**Required work**: The reply should consist solely of the lines from the one with "Image of Eco Union Pro Paint Brush - 3in" through the final line of the listing, copied exactly, with no pictures.

**Data below**:
┌────────

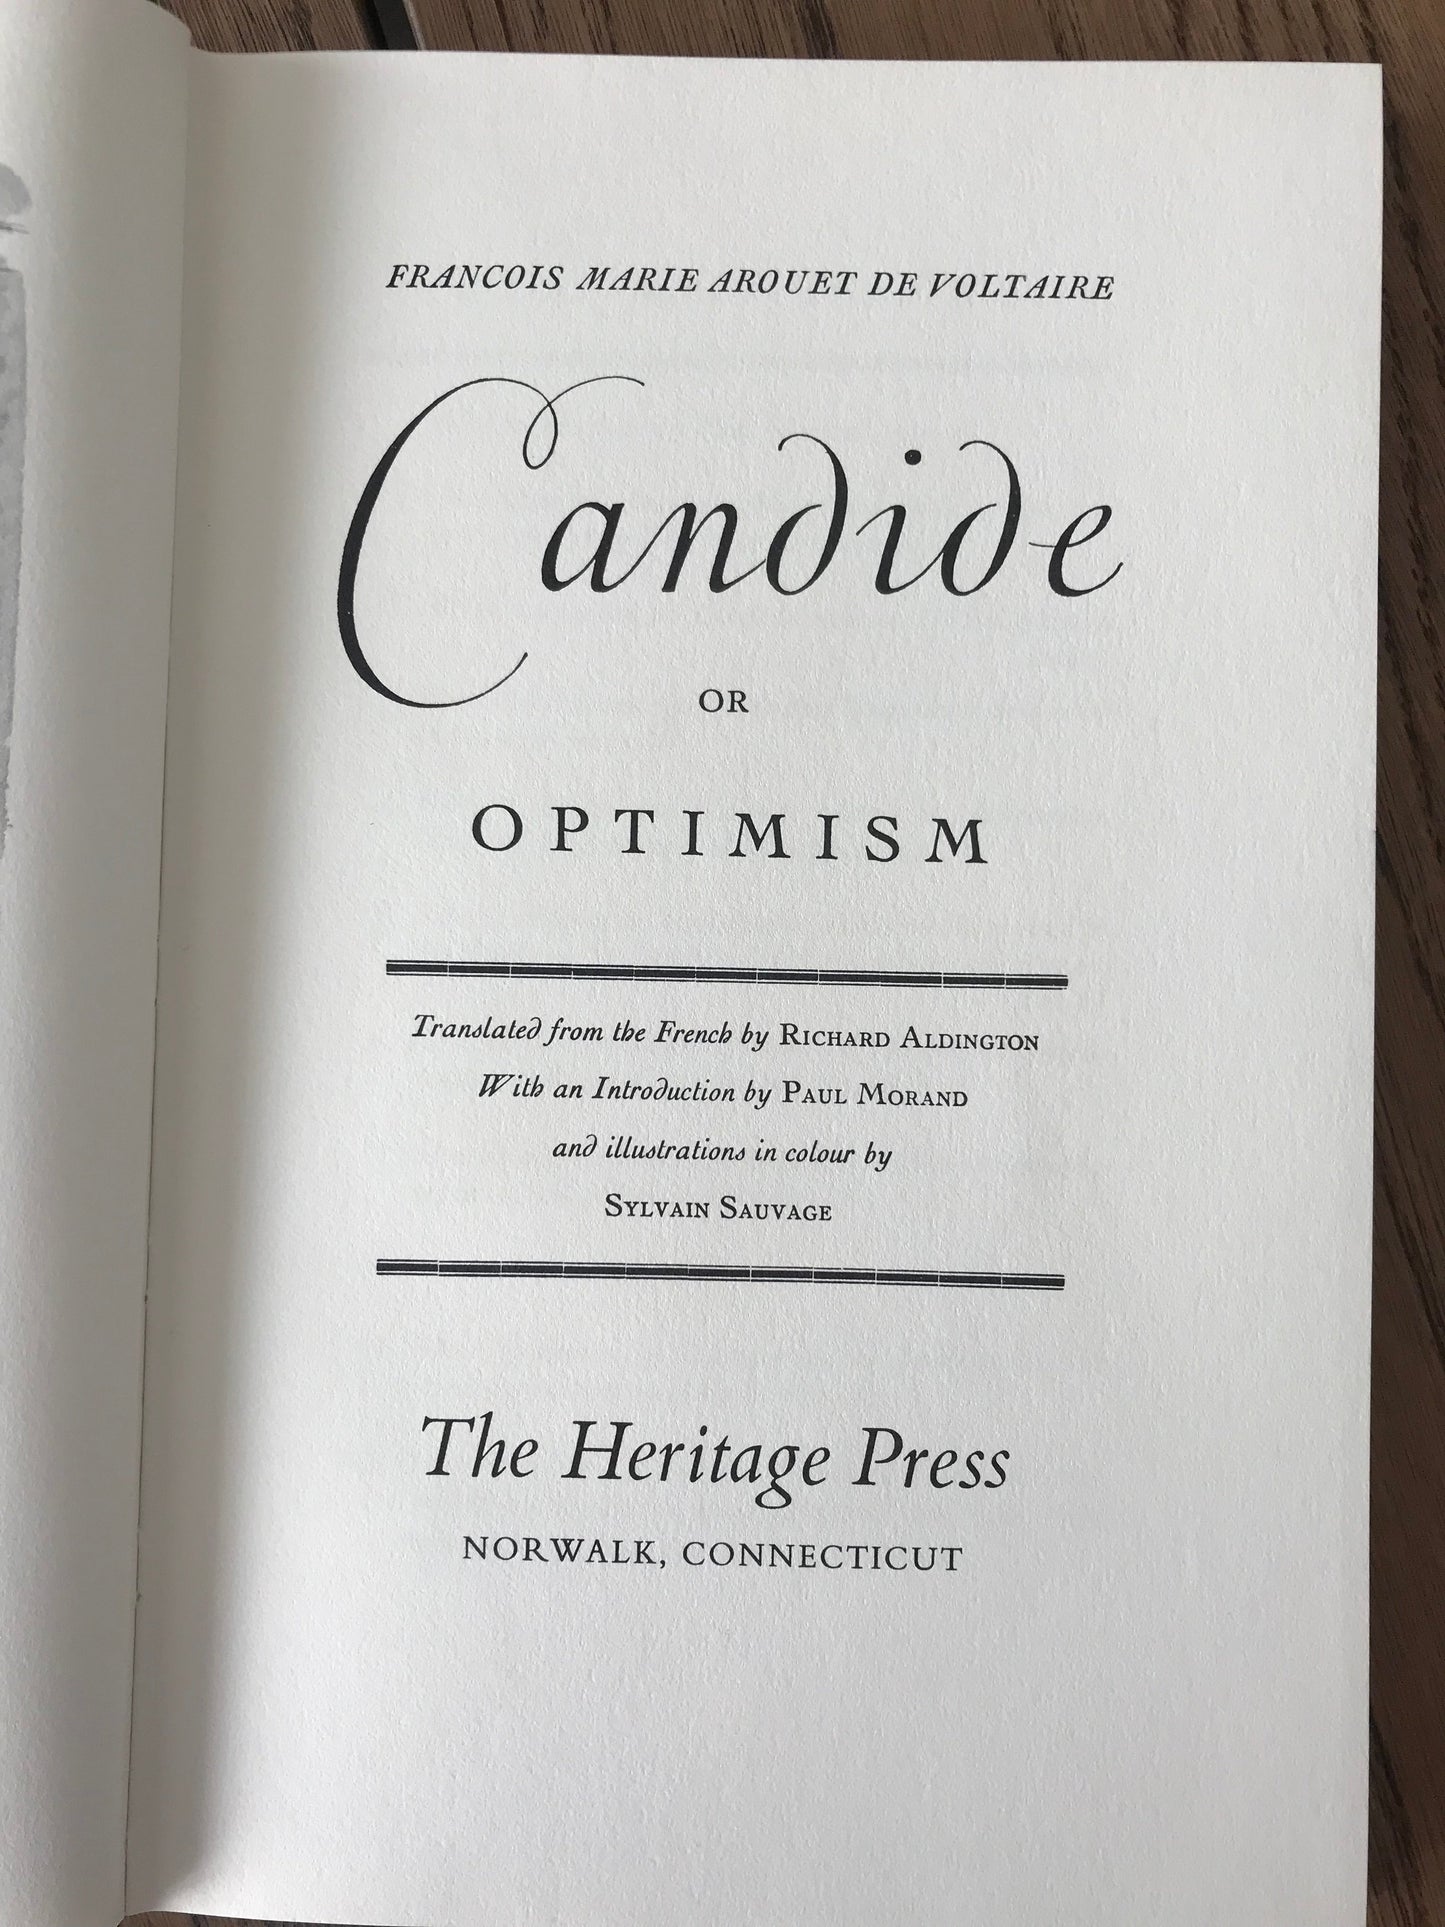 CANDIDE OR OPTIMISM - BY FRANCOIS MARIE AROUET DE VOLTAIRE BooksCardsNBikes
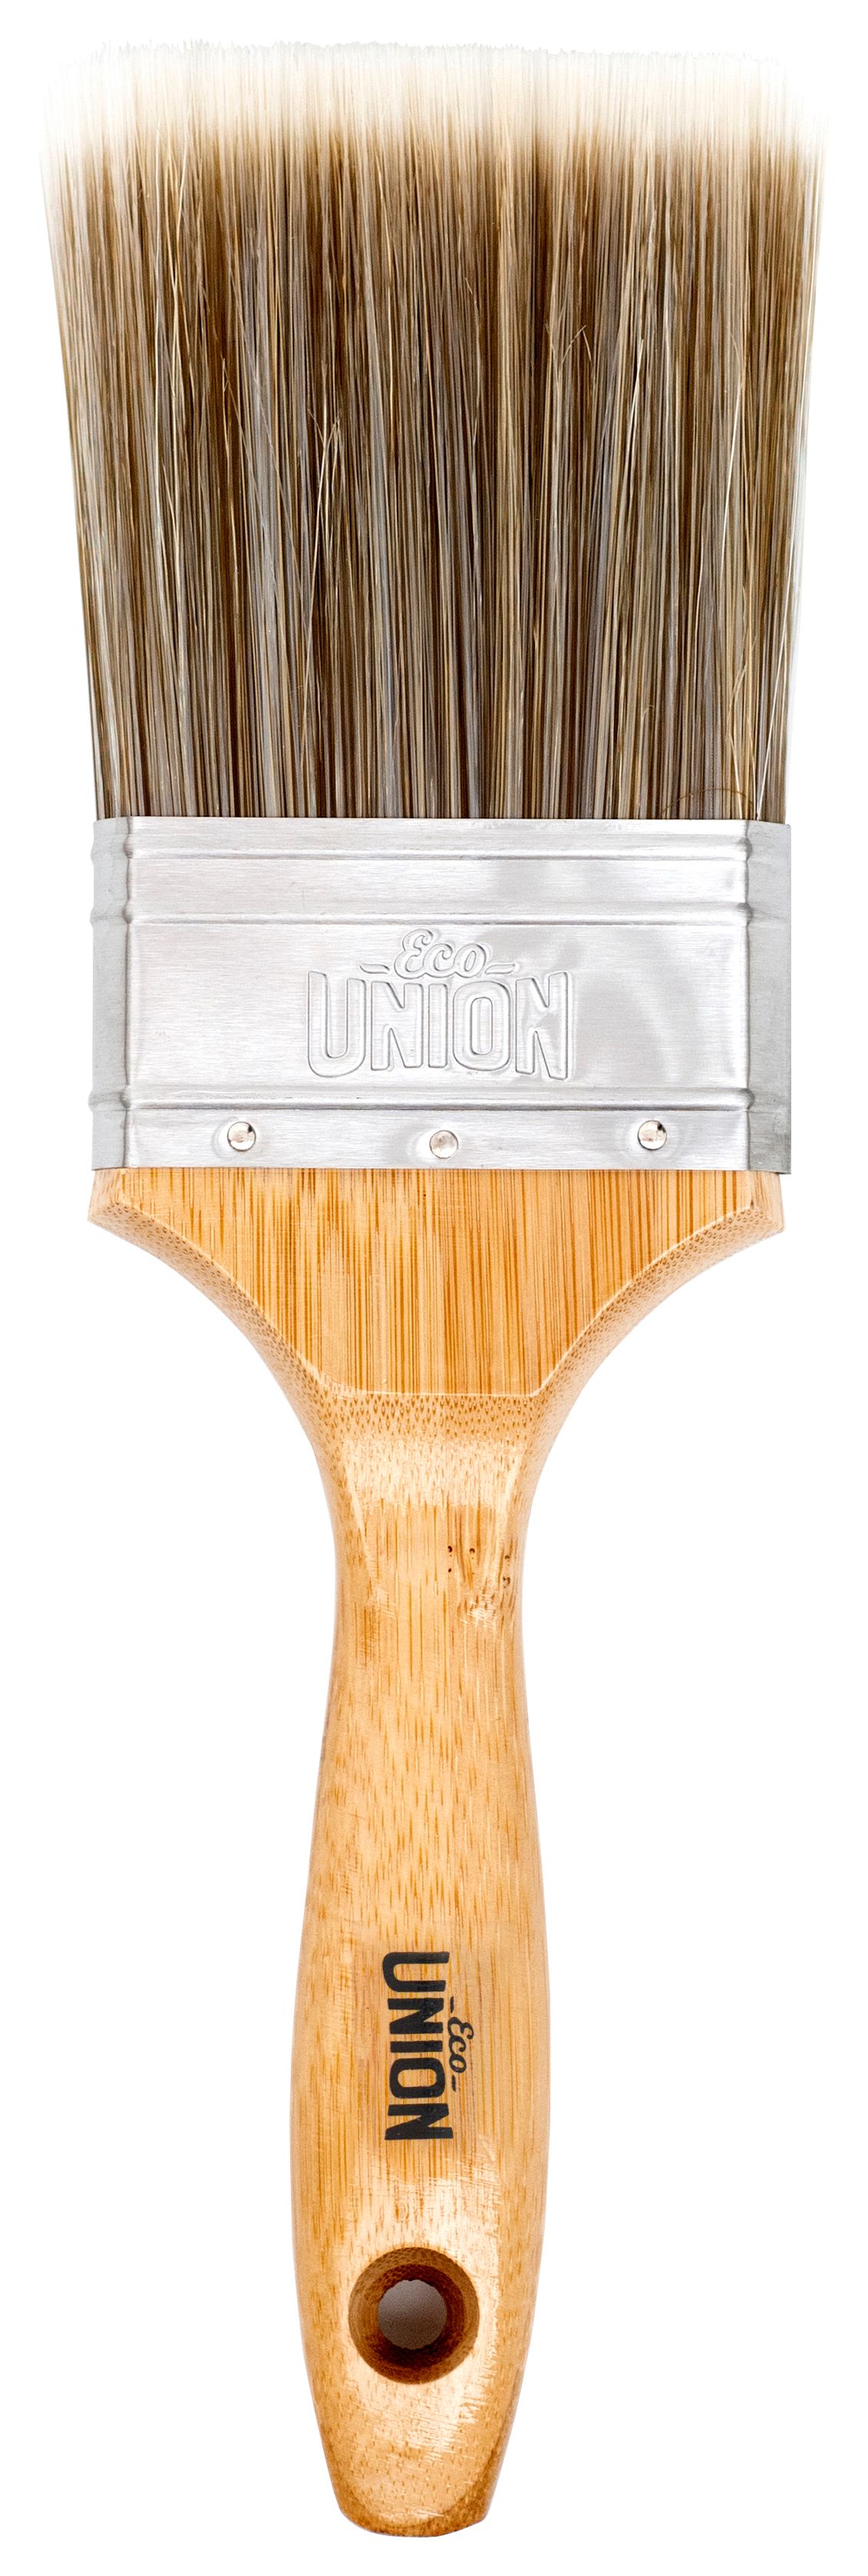 Image of Eco Union Pro Paint Brush - 3in
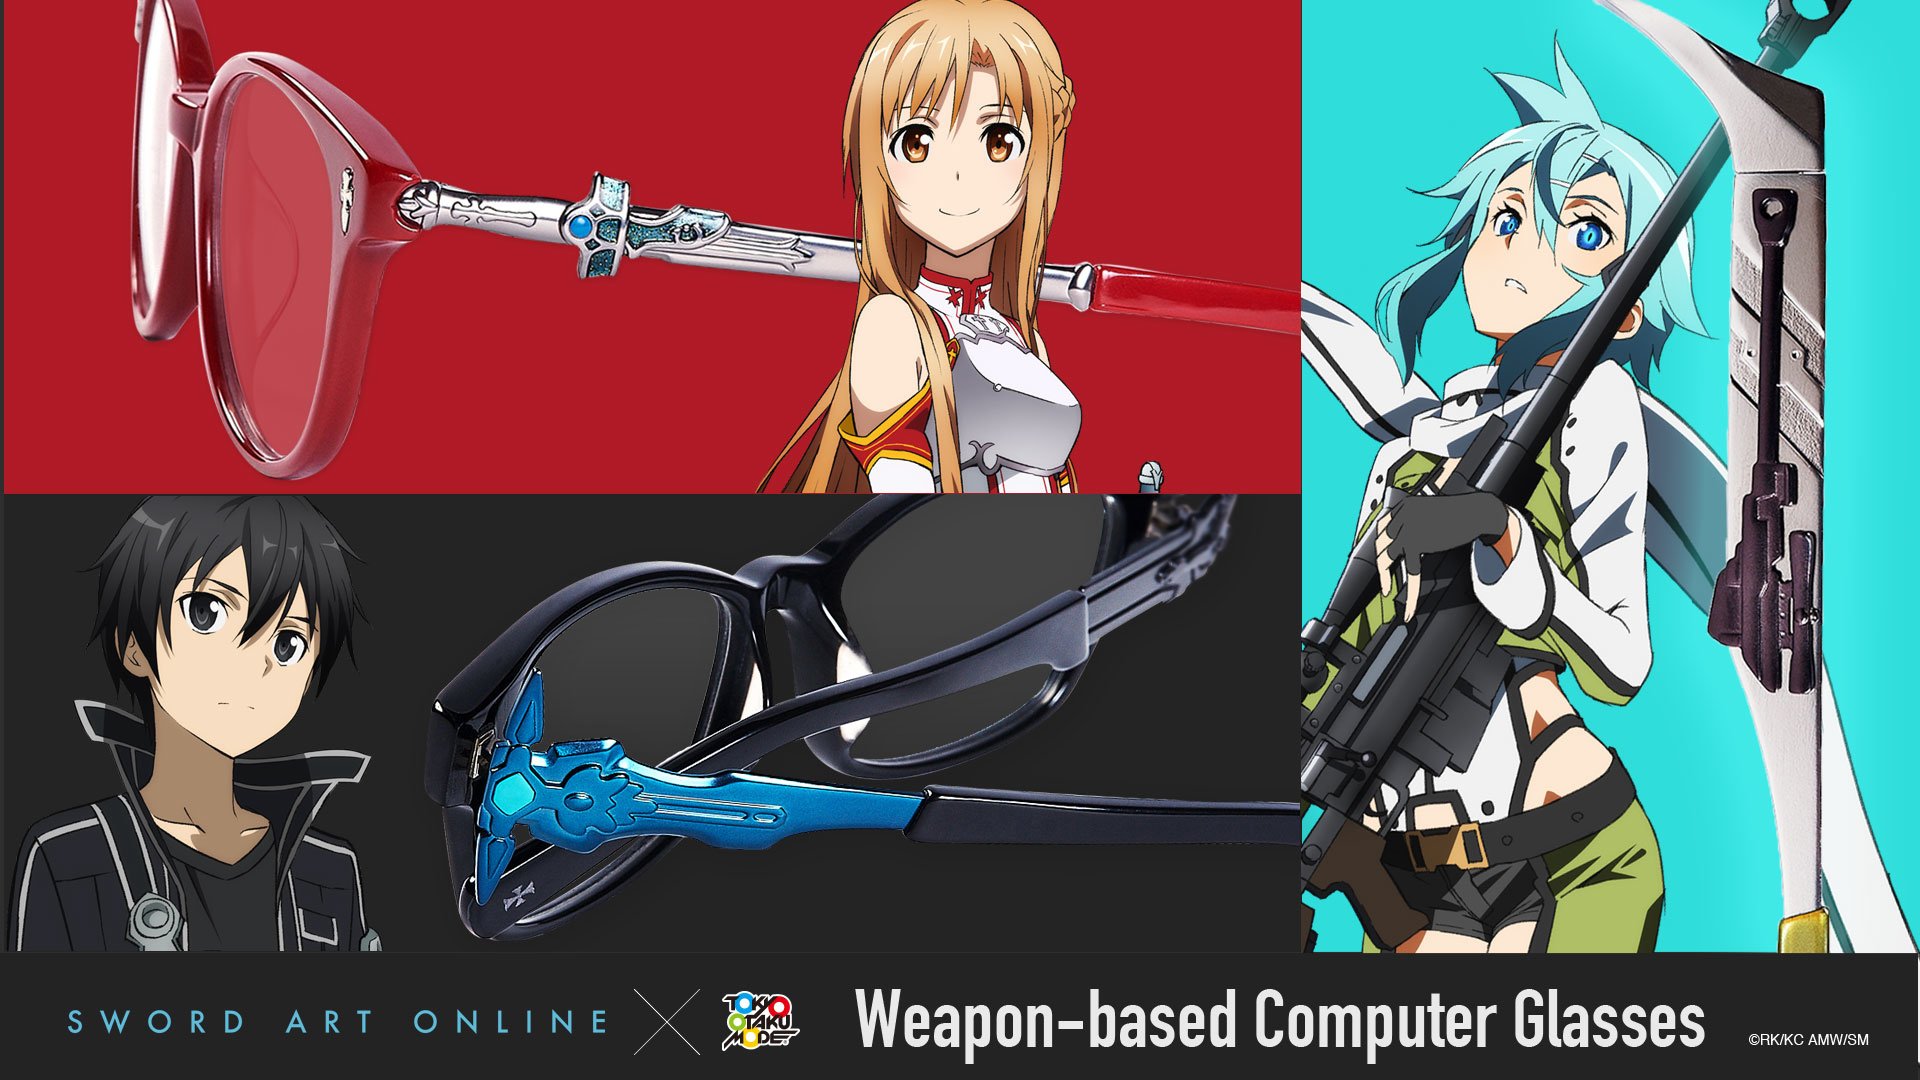 Sword Art Online Weapon-Based Computer Glasses

└────────

**Task solution**:
 Image of Eco Union Pro Paint Brush - 3in
 Sword Art Online Weapon-Based Computer Glasses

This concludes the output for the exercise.